What is a Limited Liability Company (LLC)?

Limited liability companies are business entities that can have an unlimited number of members. These members can be people, foreign entities, other corporations or LLCs. LLCs can also have a single member, and in that case, they are created to protect that person against personal liability.

An LLC is considered a separate entity legally. So, the member will be kept from experiencing fallout from the LLC's liabilities, such as litigations or creditor attacks. Also, the member does not need to pay self-employment tax on the LLC's profits.

File S Corporation Election

LLCs are not recognized by the IRS as a taxable entity. Often, an LLC with multiple members will be taxed as a partnership. LLCs with a single member pay taxes as sole proprietorships. LLCs can also be taxed as corporations.

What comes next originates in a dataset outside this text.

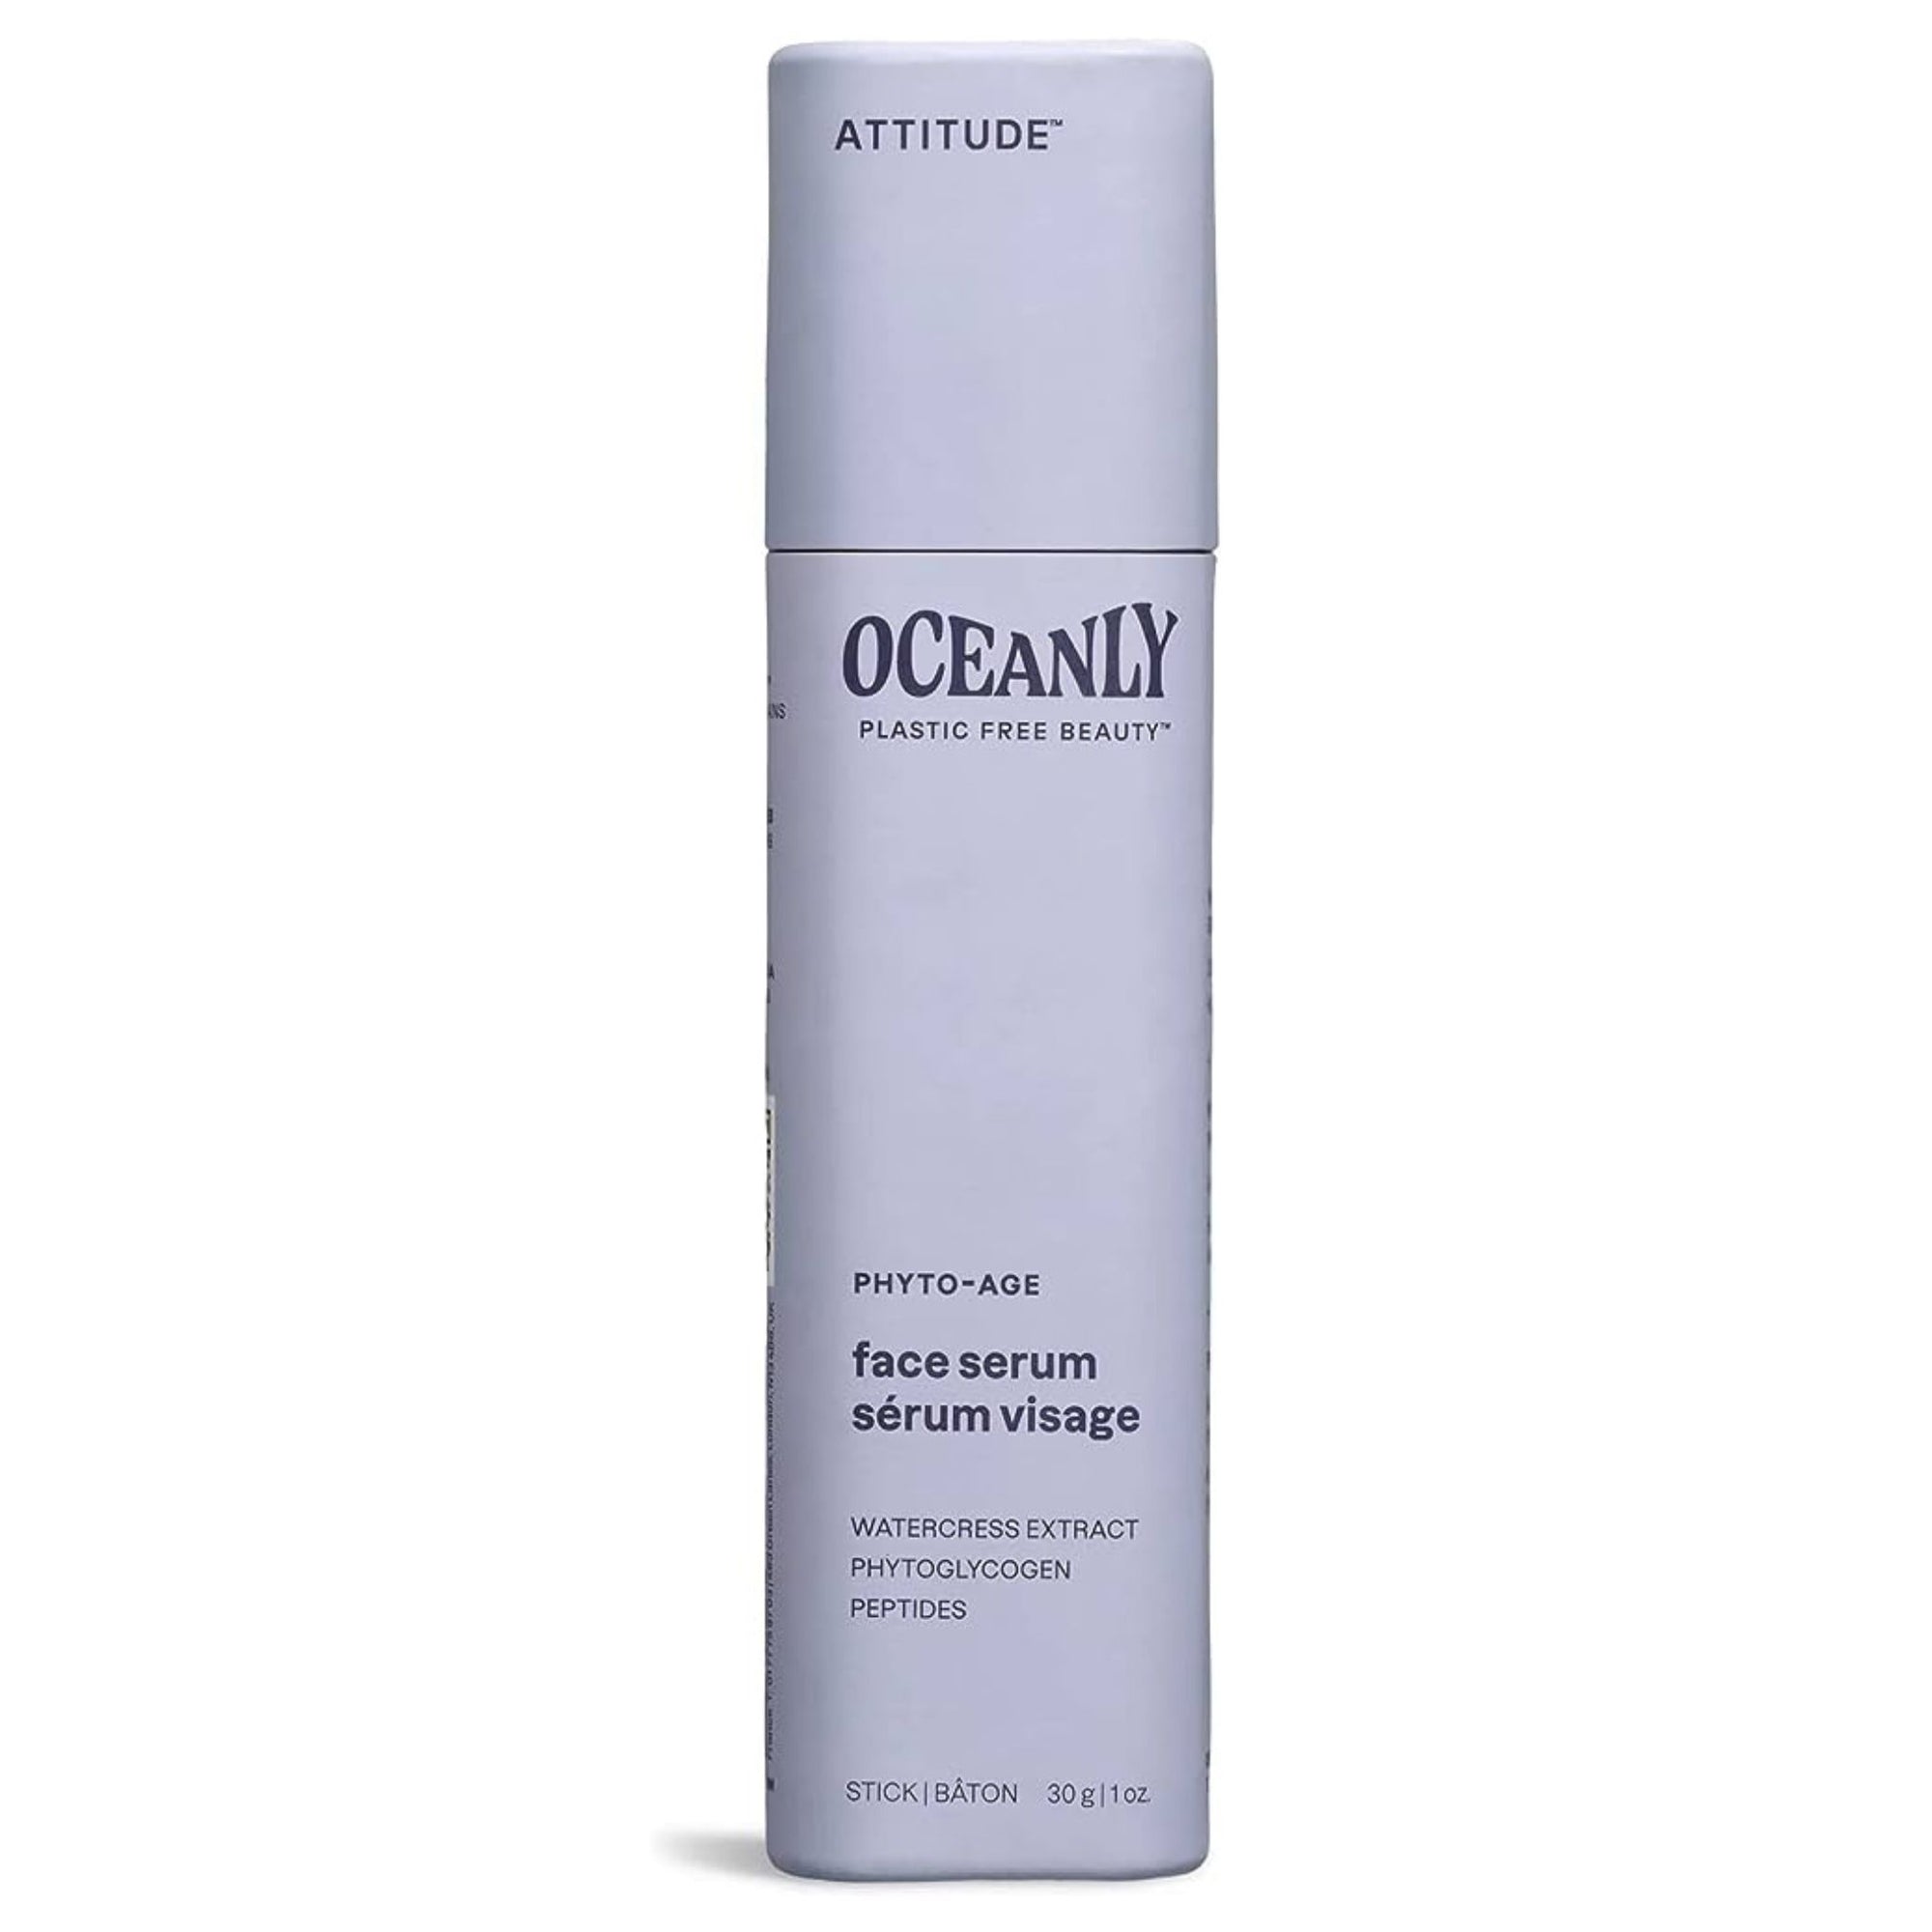 Oceanly Anti-Aging Solid Face Serum 30g

You may choose to be taxed as an S corporation. To do so, you need to fill out IRS Form 2553. This should be completed in the first 2 months and 15 days of the tax year where the change will take effect. You can also file Form 2553 in the year before the change will take effect. By default, an LLC will be taxed as a C corporation, if it's taxed as a corporation at all. You must elect to be taxed as an S corporation instead. Taxation as an S corporation is beneficial because you can use various tax benefits of corporations but avoid being double-taxed in certain instances, as a C corporation would be.

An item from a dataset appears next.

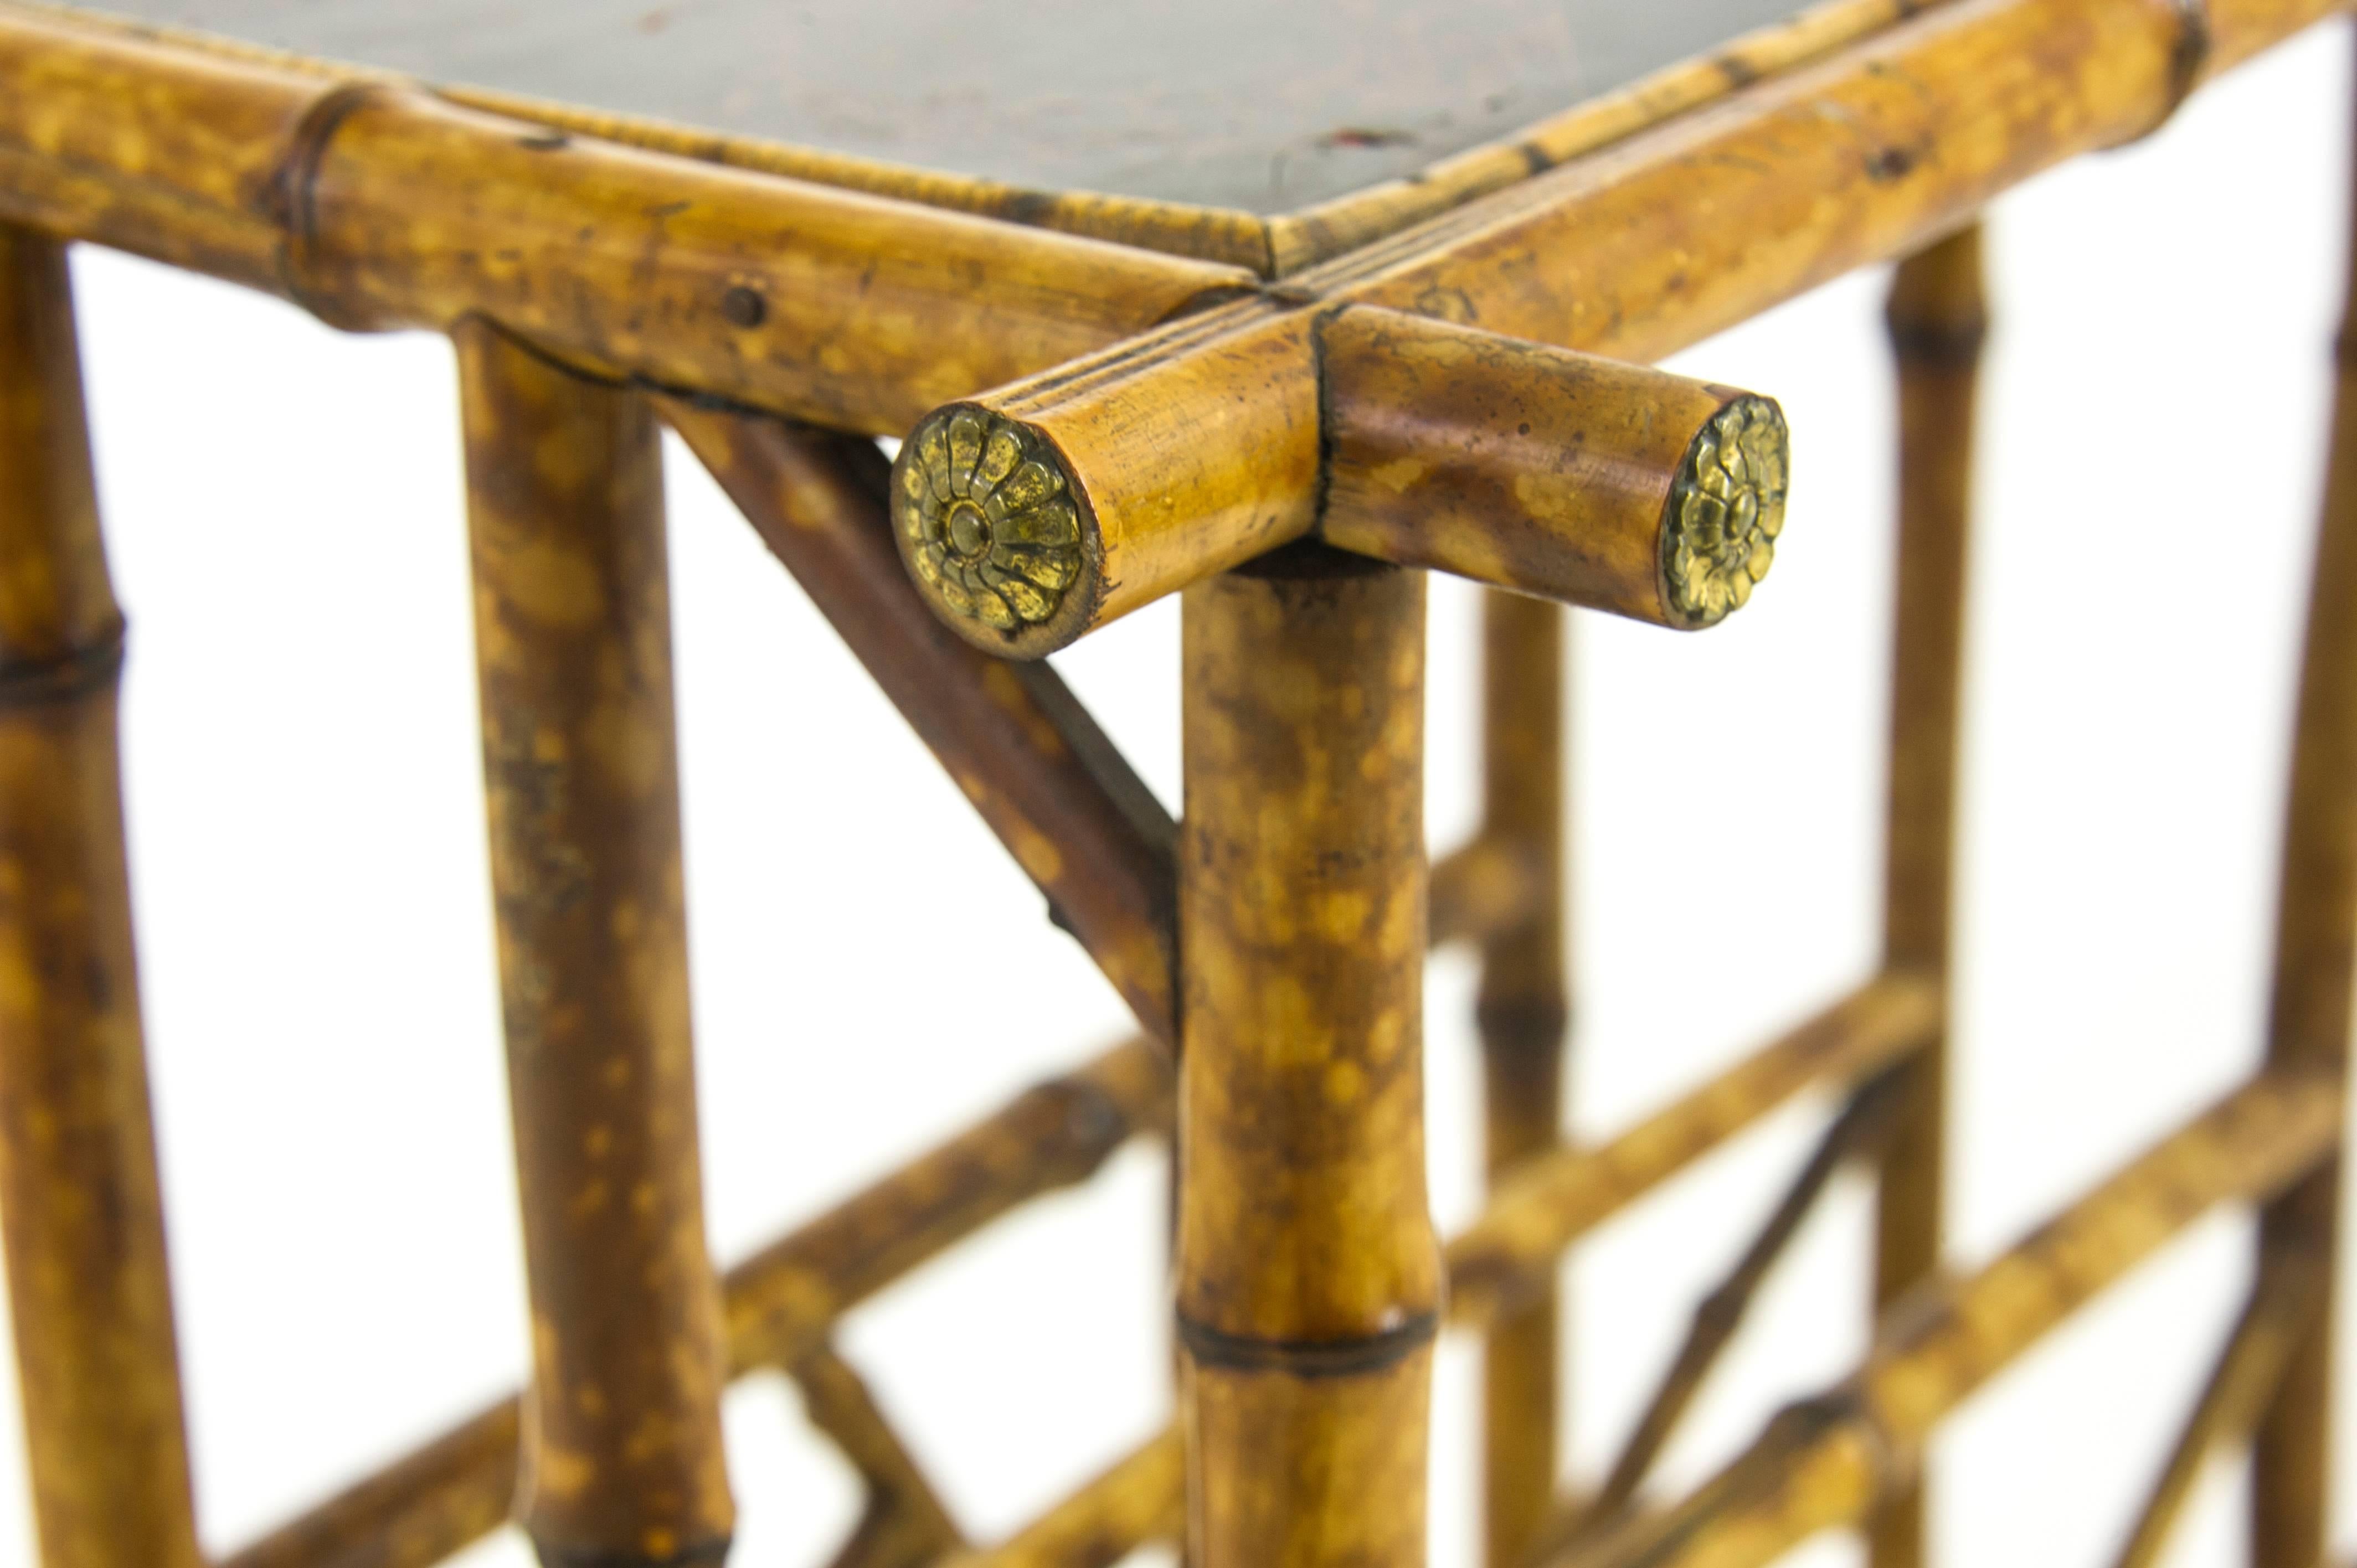 Hand-Crafted Bamboo Furniture, Antique Magazine Rack, Chinoiserie Panels, Scotland, 1880

Does it make sense for an LLC to be taxed as an S-Corporation?

Speak with a CPA or an attorney to gain clarity on whether you should make the optional election to be taxed as an S corporation. You may be getting taxed excessively if your business generates more profits than what owners could reasonably generate through their work.

Self-employment taxes for partnerships and sole proprietorships amount to 15.4 percent of profits. S corporation taxation lets the LLC pay members a wage, which reduces the LLC's profits.

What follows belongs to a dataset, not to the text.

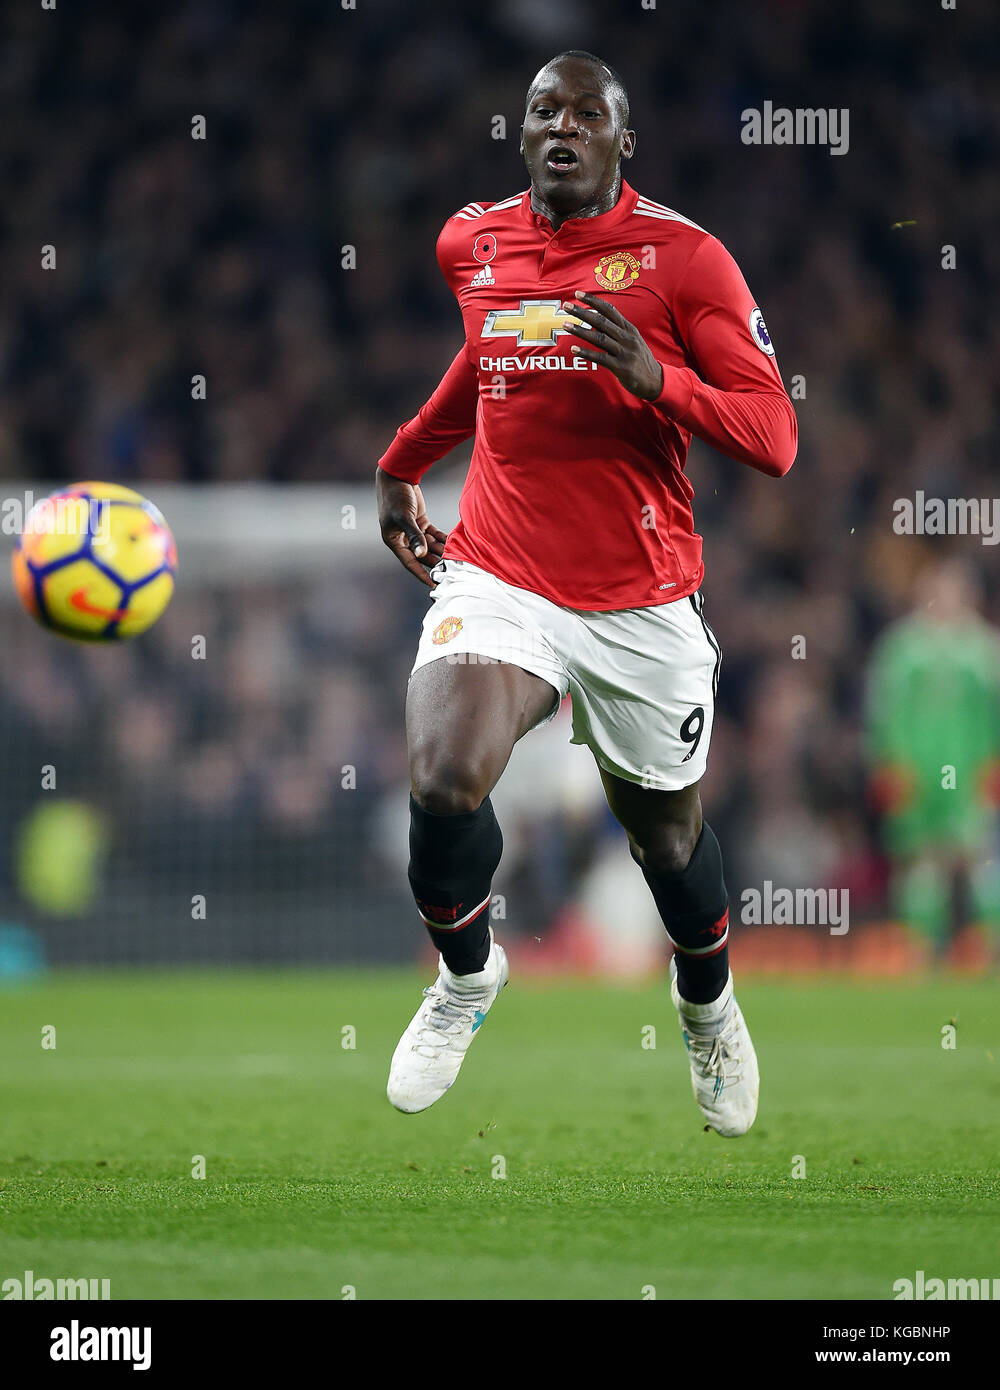 Romelu Lukaku of Manchester United CHELSEA V MANCHESTER UNITED CHELSEA V MANCHESTER UNITED, PREMIER LEAGUE 05 November 2017 GBB5036 PREMIER LEAGUE 05/11/2017 STRICTLY EDITORIAL USE ONLY. If The Player/Players Depicted In This Image Is/Are Playing For An English Club Or The England National Team. Then This Image May Only Be Used For Editorial Purposes. No Commercial Use. The Following Usages Are Also Restricted EVEN IF IN AN EDITORIAL CONTEXT: Use in conjuction with, or part of, any unauthorized audio, video, data, fixture lists, club/league logos, Betting, Games or any 'live' s Stock Photo

The wage portion will incur self-employment taxes. The profits of the LLC are distributed to members afterward, and they are not subject to self-employment tax. Only members who are actively working in the business are eligible to receive a wage. Thus, passive members will not get this tax benefit. Usually, this results in lower taxes for active members. Note that wages must be reasonable for the person's role; in other words, they can't be too low. Consult your CPA or tax attorney to determine whether the wages you pay members are "reasonable".

Restrictions on the S Corporation Election

  • The LLC cannot have members who are non-resident aliens, partnerships, or corporations.
  • The LLC cannot have over 100 members.
  • The LLC may not have non-voting and voting members, or any other separate categories of ownership.

How to Form an LLC in California: Choose a Name for Your LLC

California law states that an LLC's name should end with any of the following: LLC, L.L.C., or Limited Liability Company. Additionally, you may abbreviate "Company" to "Co." and "Limited" to "Ltd.". An LLC cannot use words such as insurer, insurance company, corp, corporation, inc, incorporated, trust, trustee, or bank in its name. University, bank, and attorney are examples of restricted words that require licensing and paperwork. Any words that could cause your business to be confused with a government entity, such as FBI or treasury, are also not allowed.

Your LLC name cannot be too similar to an LLC name that already exists in California. Check the California Secretary of State's website to see if your name is similar to one that's already in existence. Search terms are checked against the California SOS' list of registered LLC names.

You can fill out a name reservation request form to reserve your name for up to 60 days. The form requires a $10 fee, and it can be mailed to the California SOS or delivered in person. There is more helpful information about naming an LLC in the Secretary of State's publication "Business Entity: Name Regulations & Additional Statutory Requirements and Restrictions", which can be downloaded from their website.